Os guardas-florestais soltaram 158 tartarugas híbridas juvenis em Floreana para restaurar o ecossistema da ilha
Quase 150 anos depois da remoção das
últimas tartarugas-gigantes da Ilha Floreana, no arquipélago de Galápagos, no
Equador, a espécie retornou na sexta-feira (20 de fevereiro), quando dezenas de
híbridos juvenis foram soltos para iniciar a restauração do ecossistema
degradado da ilha.
As 158 novas tartarugas, com idades entre 8 e 13 anos,
começaram a explorar o habitat que irão remodelar nos próximos anos. A sua
soltura coincidiu perfeitamente com a chegada das primeiras chuvas de inverno.

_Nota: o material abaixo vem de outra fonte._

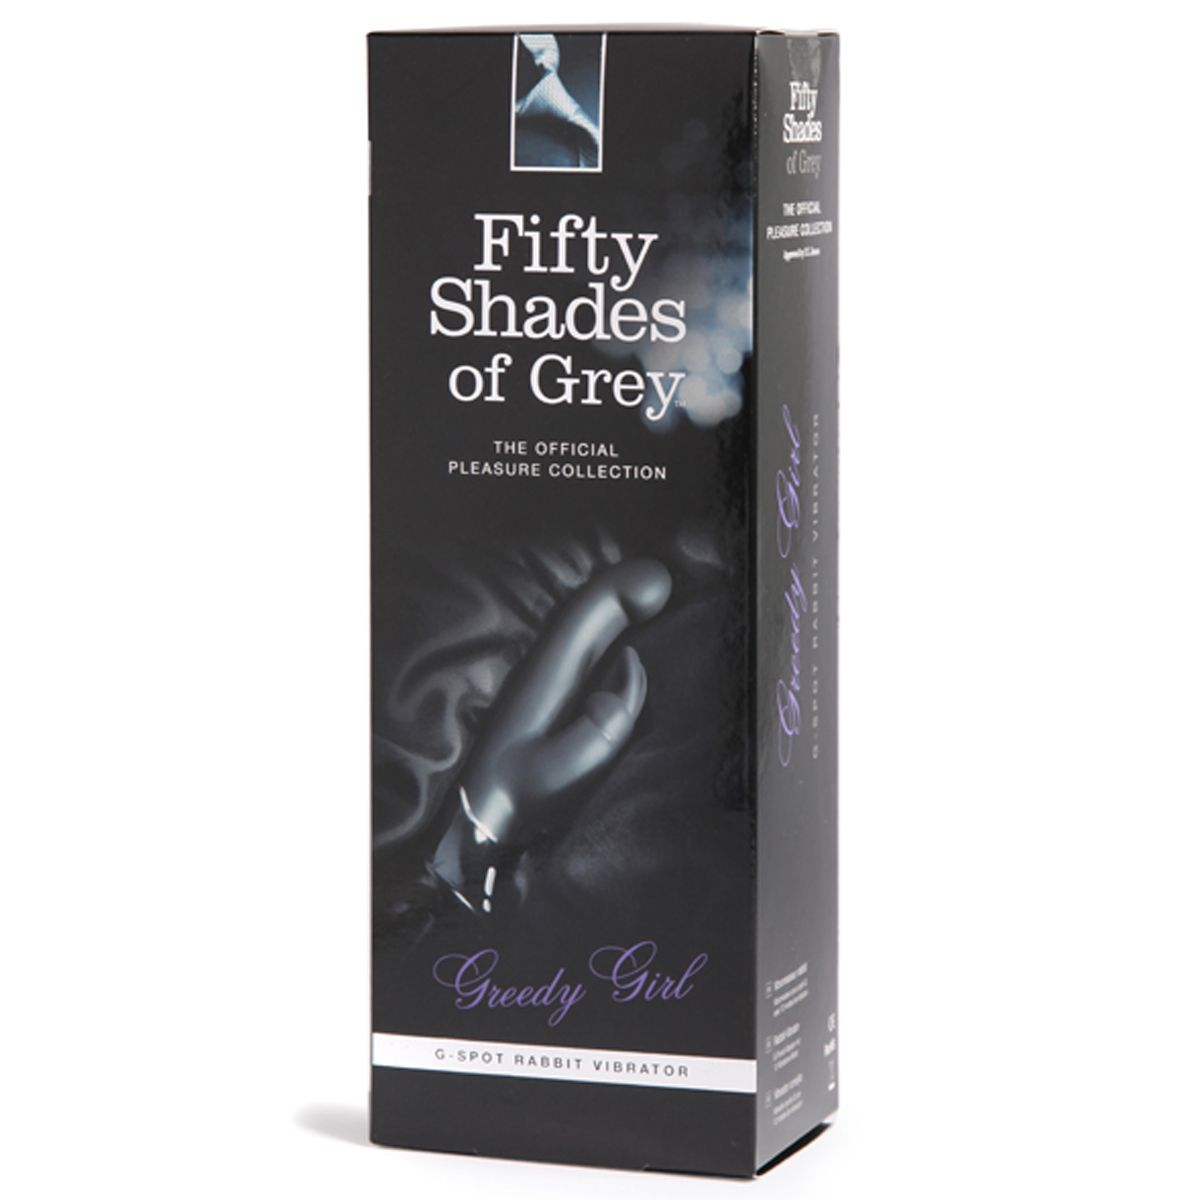 Zwart FIFTY OF Shades GREY Girl Fifty - rabbit-vibratoren Rabbit - SHADES Greedy Vibrator of Grey G-Spot
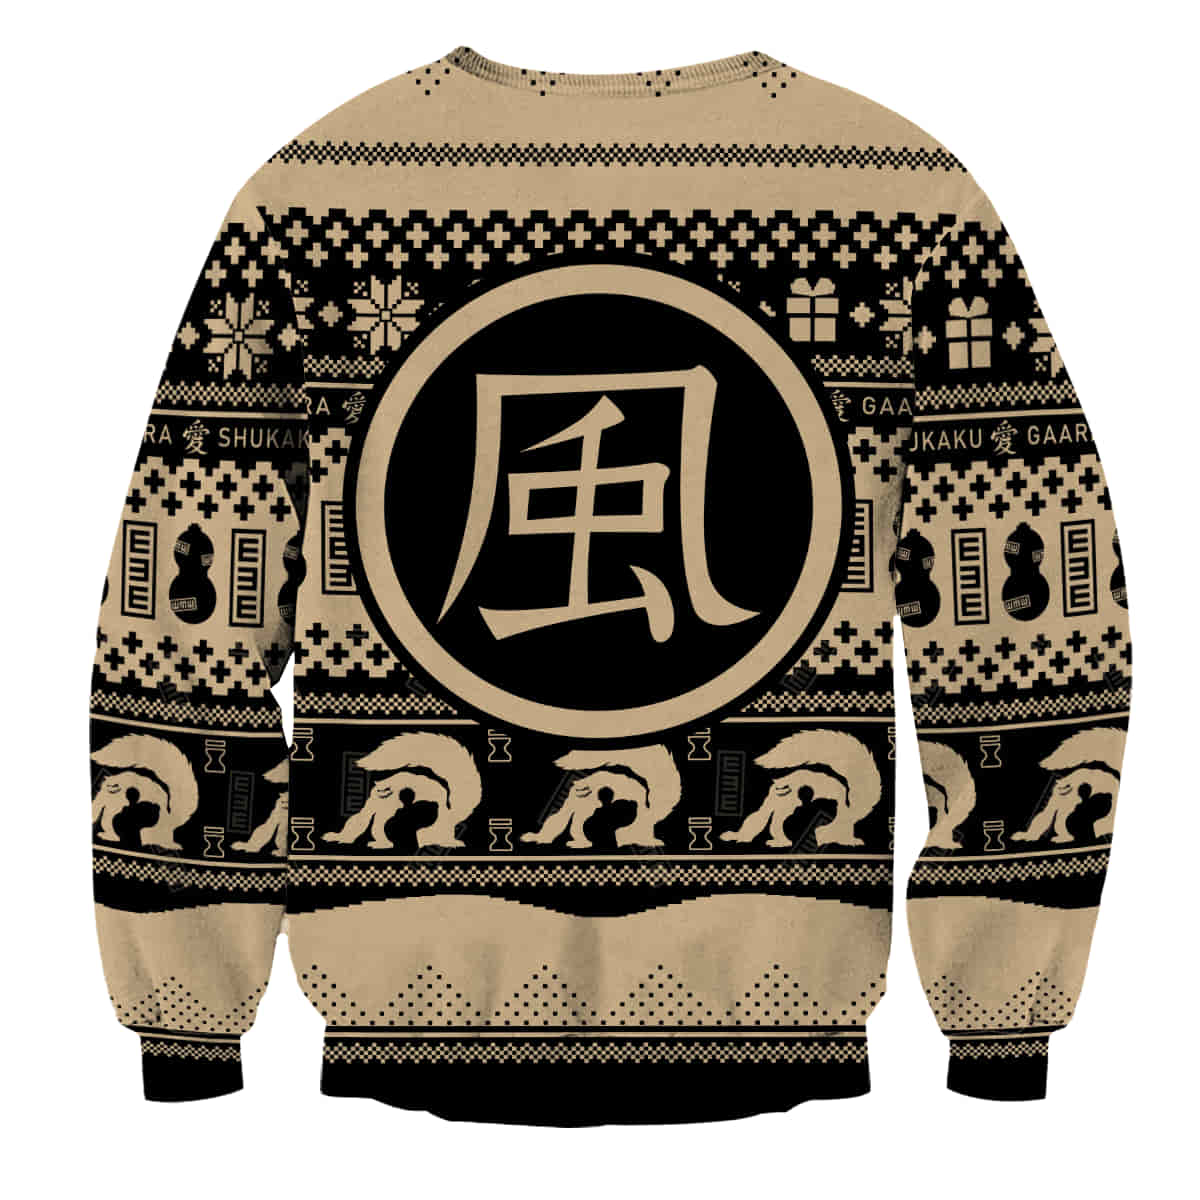 Gaara Sand Wool Knitted Sweater, Naruto Manga All Over Print 3D Sweater

“Elas são grandes o suficiente para serem soltas e
conseguem defender-se de animais introduzidos, como ratos e gatos”, diz Fredy
Villalba, diretor do centro de reprodução do Parque Nacional de Galápagos, na
Ilha de Santa Cruz, observando que os melhores espécimes, com a linhagem mais
forte, foram selecionados especificamente para Floreana.
Por que as tartarugas gigantes de Floreana foram
extintas?
Estes espécimes juvenis libertados, de um total de 700
planeados para Floreana, serão introduzidos gradualmente. De acordo com
Christian Sevilla, diretor de ecossistemas do Parque Nacional de Galápagos, elas
carregam entre 40% e 80% da composição genética do Chelonoidis niger – uma
espécie extinta há 150 anos.
A linhagem desses híbridos remonta ao Vulcão Wolf, na
Ilha Isabela, uma descoberta que ainda intriga os cientistas. Ao selecionar
adultos com a composição genética mais forte, diz Sevilla, o programa de
reprodução visa trazer gradualmente a espécie extinta Floreana de volta à sua
pureza original.
Há dois séculos, Floreana abrigava aproximadamente 20.000 tartarugas-gigantes.
No entanto, a caça às baleias, um incêndio devastador e a exploração humana
implacável acabaram por levar à sua completa extinção na ilha.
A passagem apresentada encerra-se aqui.